We have always done a combination of research and clinical work. With COVID Watch, we are much closer to patients and patient-specific needs. Normally we’re looking for an elegant solution that meets lots of people’s needs, or we stop to consider heavily what clinicians and patients want. Now it’s more like, “Here’s the specific problem these people are having, and how do we solve it?” In the past we haven’t really been involved in running programs. We just support the program and help it launch. With COVID Watch, we’re intimately involved with tracking data daily and closely monitoring what our patients are doing. We can say they’re our patients when in the past they’ve been likened to our “customers.” It’s definitely more meaningful.

Mohan Balachandran, COO

If the economy takes a serious hit, how does it impact our customers?

The economy has already taken a serious hit. Way to Health is part of Penn Medicine so anything that impacts Penn Med will impact us as well. Budgets are constrained across the board. Health care is an essential service. It’s not like you can put off chemotherapy infusions or CABG surgeries indefinetely. So we can now see gradual recovery as patient volumes come back up to pre-COVID levels.

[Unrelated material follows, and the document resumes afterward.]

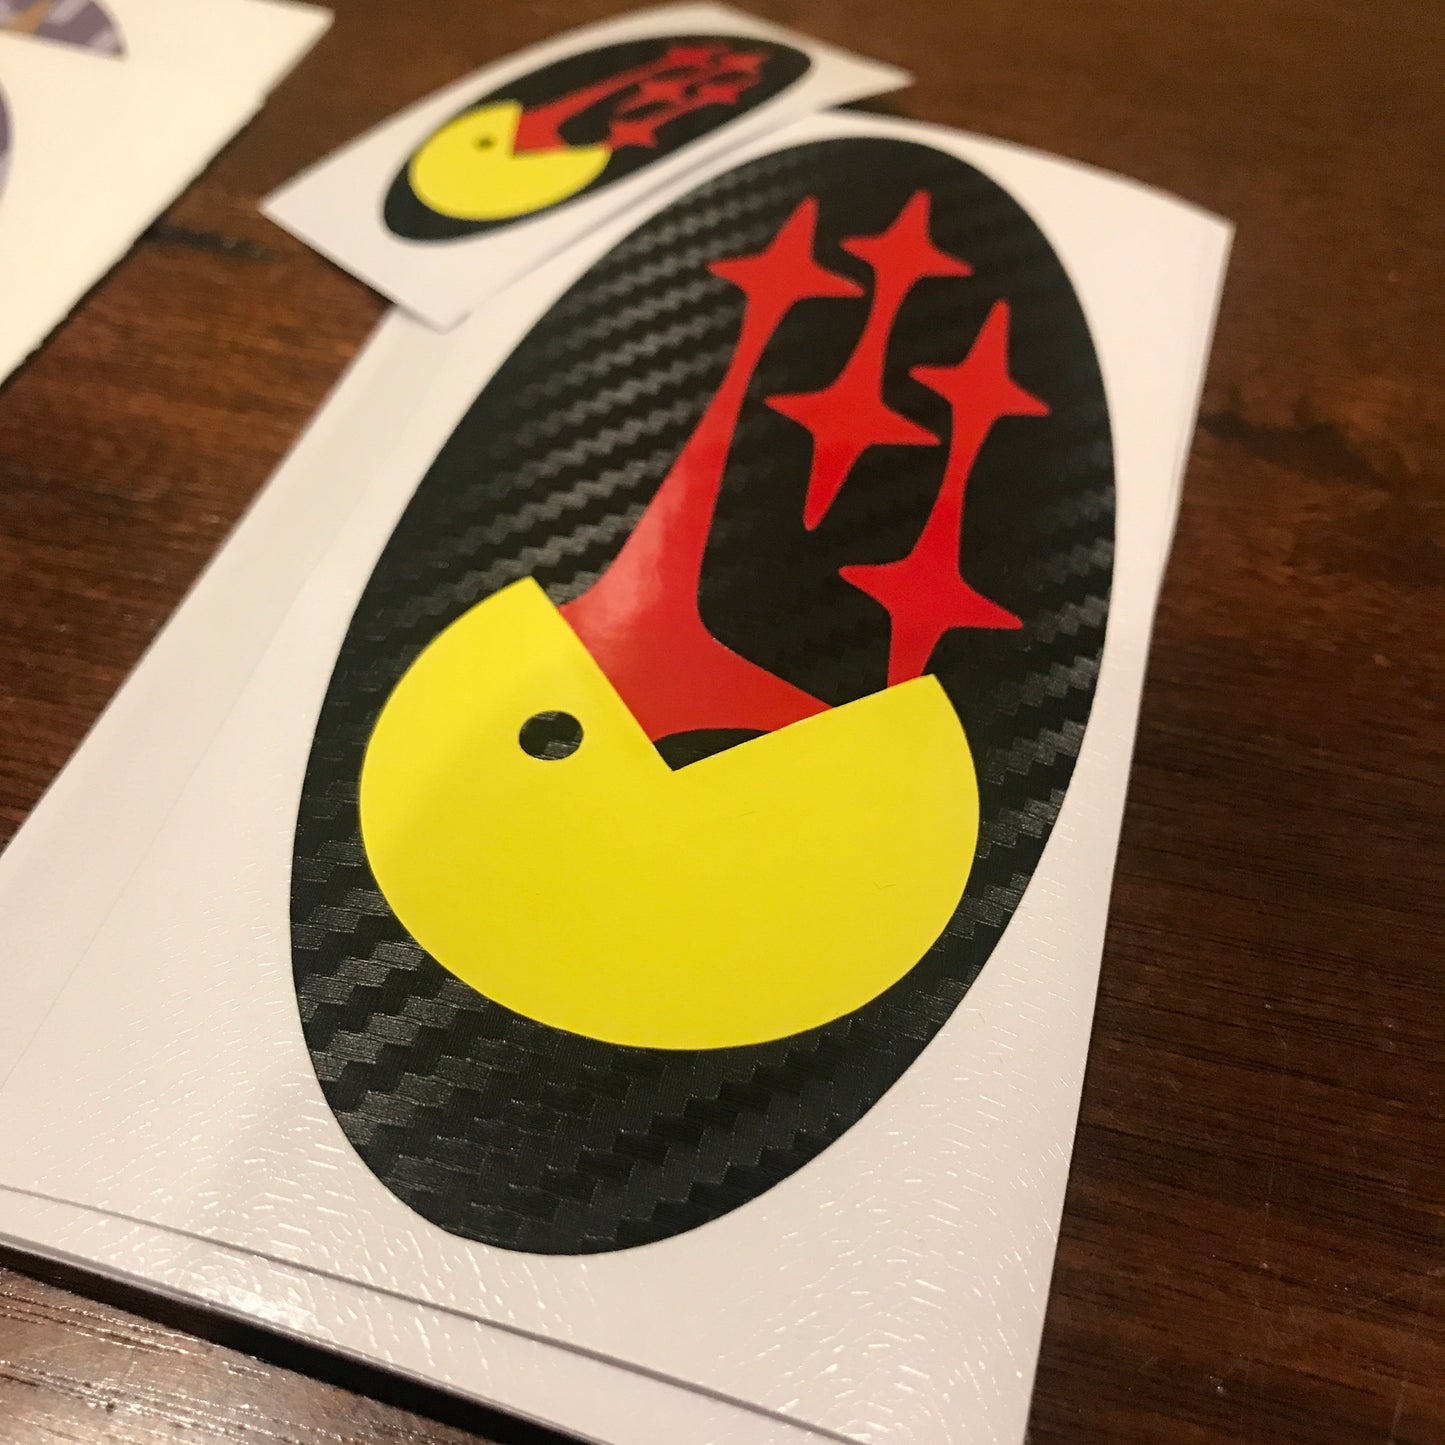 Pac-Man Emblem Overlay Decal Set

We have two sets of customers - researchers and health care organizations. Research has definitely been impacted with studies paused but are now restarting. Clinical projects have accelerated quite a bit as remote monitoring and telemedicine have taken off. Both were severely impacted over the past few months but they seem to be recovering slowly but surely.

What big opportunities exist for W2H born out of this situation?

As I mentioned earlier, COVID has accelerated the need and support for telemedicine and remote monitoring efforts. We have been working on ways to automate results reporting, especially negatives to reduce the burden on nursing staff. With the University reopening, we expect the volumes to jump dramatically. All of our existing projects are ramping up faster and we have a large set of incoming projects.

Given those changes, we expect that we will be more closely linked to the electronic health record. The intent here is for us to be working in the background so that clinicians don’t have to worry about logging into one more system. We are also increasingly working closer with clinical and research teams on program design given the vast amount of experience we have with the variety of programs we work with.